Founder, Culinary Medicine Initiative Medical student, Tulane University

Michael Yang, who is about to be a first-year medical student, launched the Culinary Medicine Initiative during his junior year at Tulane University through the Goldring Center for Culinary Medicine. The student-run, free cooking and STEM education program has already reached more than 300 young people, teaching them about the link between food and health.

The Culinary Medicine Initiative also collaborates with local organizations and covers topics related to wellness, including exercise physiology, food allergies, digestive anatomy and hands-on cooking.

Yang is the son of Chinese immigrants and grew up in Los Angeles, experimenting with both traditional and modern recipes.

He was a natural leader early on — as a kid he was an avid fan of the Food Network and taught cooking classes to his Boy Scout troop. He also had an affinity for first aid.

Now, Yang is blending his culinary passion with his path in medicine. After graduating from college, he earned a Fulbright Scholarship to get a master’s degree in nutrition and food science in England before returning to Tulane for medical school.

“Everyone wants to be healthy, everyone wants to live the best lives they can,” Yang says. “If we can introduce (young people) early on, through our free classes, and tie in these concepts, it impacts their everyday lives.”

Talia Livneh, 34

Senior Program Director, Rooted School Foundation

Talia Livneh thought she would go into civil engineering when she left Lexington, Massachusetts, for Carnegie Mellon University. But after graduating, she chose to follow many of her relatives’ lead and go into teaching.

She entered Teach for America and was placed in a position teaching math at Helen Cox High School (now closed) in Jefferson Parish. She immediately knew it was the right choice.

“I fell in love with teaching,” Livneh says. “Like engineering, there’s lots of dynamic problem solving, lots of interesting situations and people. I felt like I was using my engineering brain, just in a different way.”

After three years at Cox and another year in a New Orleans

charter, she joined a small team in founding the Rooted School.

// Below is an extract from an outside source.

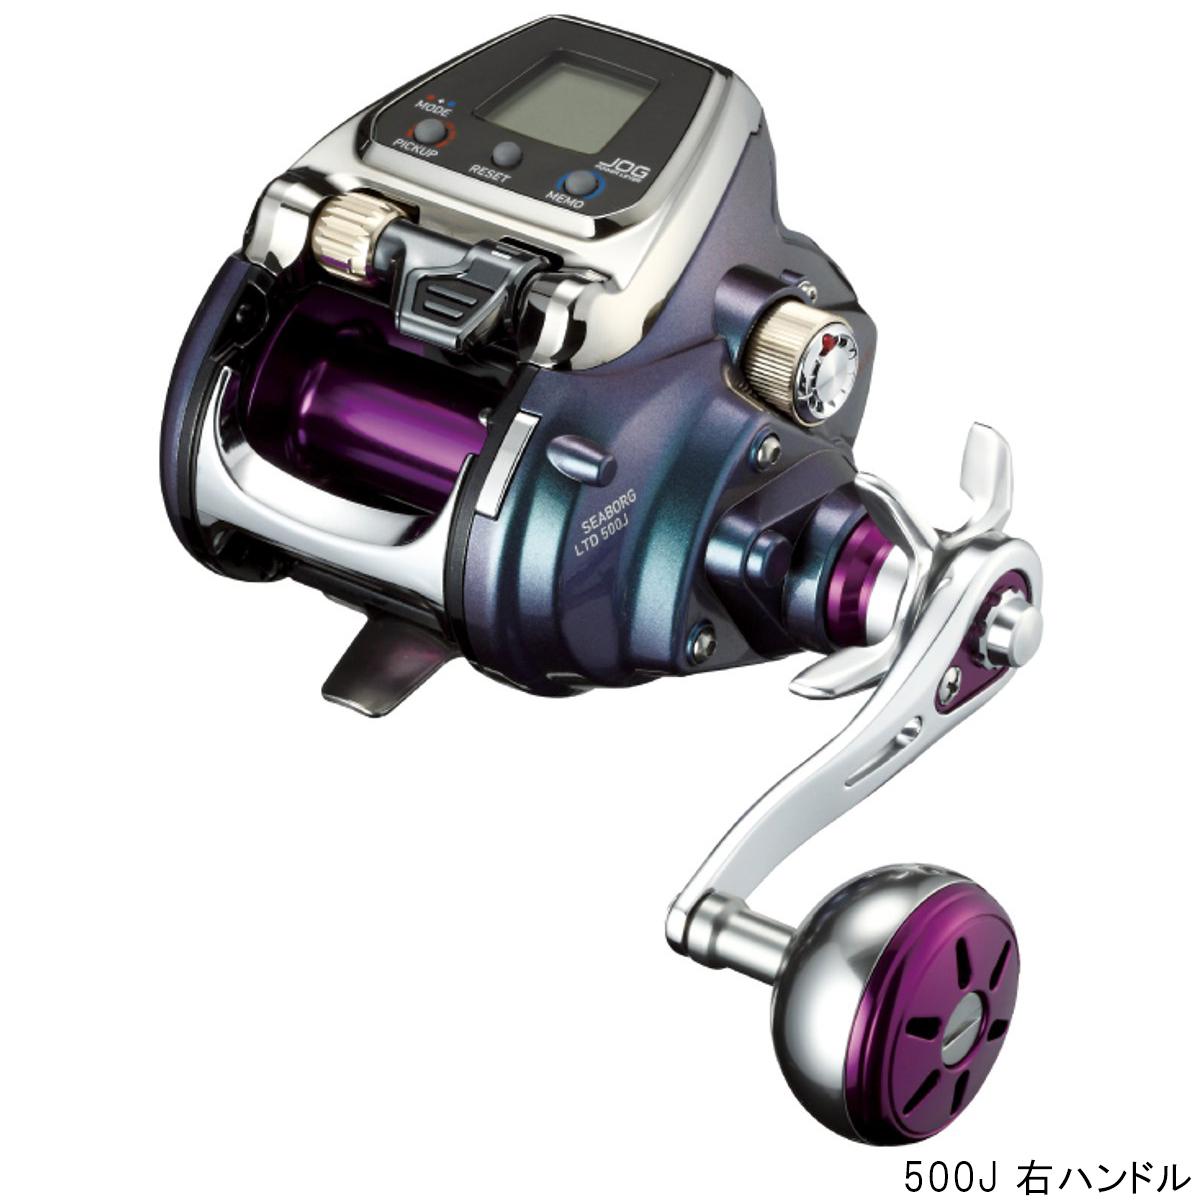 ダイワ シーボーグ LTD 500J 右ハンドル(東日本店)
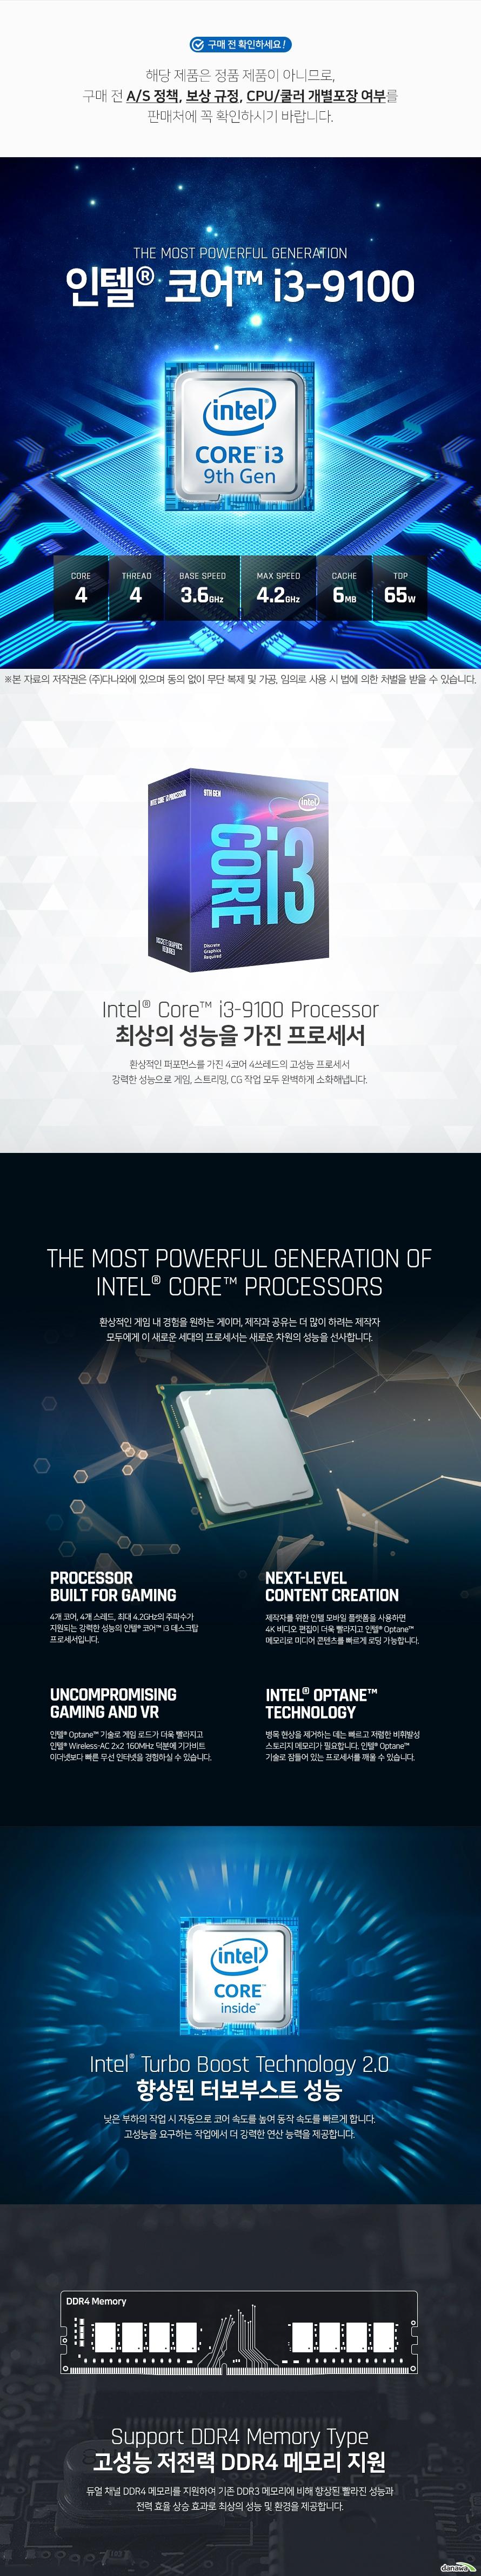 4개 코어, 4개 스레드, 최대 4.2GHz의 주파수가  지원되는 강력한 성능의 인텔® 코어™ i3 데스크탑  프로세서입니다. 향상된 터보부스트 성능 낮은 부하의 작업 시 자동으로 코어 속도를 높여 동작 속도를 빠르게 합니다. 고성능을 요구하는 작업에서 더 강력한 연산 능력을 제공합니다. 고성능 저전력 DDR4 메모리 지원 듀얼 채널 DDR4 메모리를 지원하여 기존 DDR3 메모리에 비해 향상된 빨라진 성능과 전력 효율 상승 효과로 최상의 성능 및 환경을 제공합니다. 인텔® 퀵 싱크 비디오로 휴대용 미디어 플레이어용 비디오 변환을 신속하게  할 수 있으며, 온라인 공유, 편집 및 비디오 제작이 가능합니다. 인텔 UHD 그래픽스 630 탑재 내장 그래픽 성능을 대폭 늘려 4K 초고해상도 영상을 60프레임으로 부드럽게 재생하며 선명한 화질과 화사한 색감으로 퀄리티 있는 디스플레이 환경을 제공합니다.

Their program sought to educate students and prepare them for career tracks, so in addition to English, science, math and social studies, the school offers classes in digital tech, and things that could open doors to fields like cyber security, 3D printing and software.

Rooted has grown to include schools in Vancouver and Indianapolis and will open two more schools.

Livneh also is administrating the school’s pioneering $50 Study program, an initiative exploring guaranteed income. Coming out of the pandemic shutdowns, they noticed kids missing school. Students said it was about resources, in situations where they were staying home to provide childcare, or picking up work to supplement family income. They piloted a program for 10 kids in 2020-2021, and the most recent program had 250 kids.

Students receive $50 per week for 40 weeks with only one requirement — that they stay in school. It’s helped students improve attendance, focus better on classes and take control of their lives. And Livneh helps them tell their own stories via a podcast and media stories.

Ana Castro was named one of Food & Wine magazine’s Best New Chefs in 2022. It was fast recognition of her work at Lengua Madre, the Lower Garden District tasting menu restaurant.

Last year, she opened her own restaurant, Acamaya, with her sister Lydia Castro in Bywater, and they are quickly building a national reputation for it.

Castro was born in Texas but grew up in the Satelite neighborhood of Mexico City. There, she developed her love of food in her grandmother’s kitchen, and she later pursued professional training at Le Cordon Bleu in Mexico City. She has since cooked in India, Copenhagen and New York.

A stint in New York had her feeling burnt out, and she decided to make a change. After a break in Mexico, she moved to New Orleans, where Lydia lived, and rebooted.

At Lengua Madre, Castro designed dishes and menus around Mexican flavors and inspirations from growing up with family as well as experiences elsewhere. She was a finalist for a James Beard Foundation award for Best Chef: South.

At Acamaya, diners enter to see the open kitchen and a modern airy space framed by tile and breeze blocks. Mexican flavors, spirits and visual aesthetics inform the restaurant, though the menu also highlights Louisiana’s coastal bounty. It recently became the first restaurant reviewed by the New York Times’ new national food critic.

“Things are going great. The restaurant has been really well received locally and nationally and we’re having a lot of fun,” Castro says. “A year went by really quickly, and it feels like we’ve only scratched the surface of what we can do.”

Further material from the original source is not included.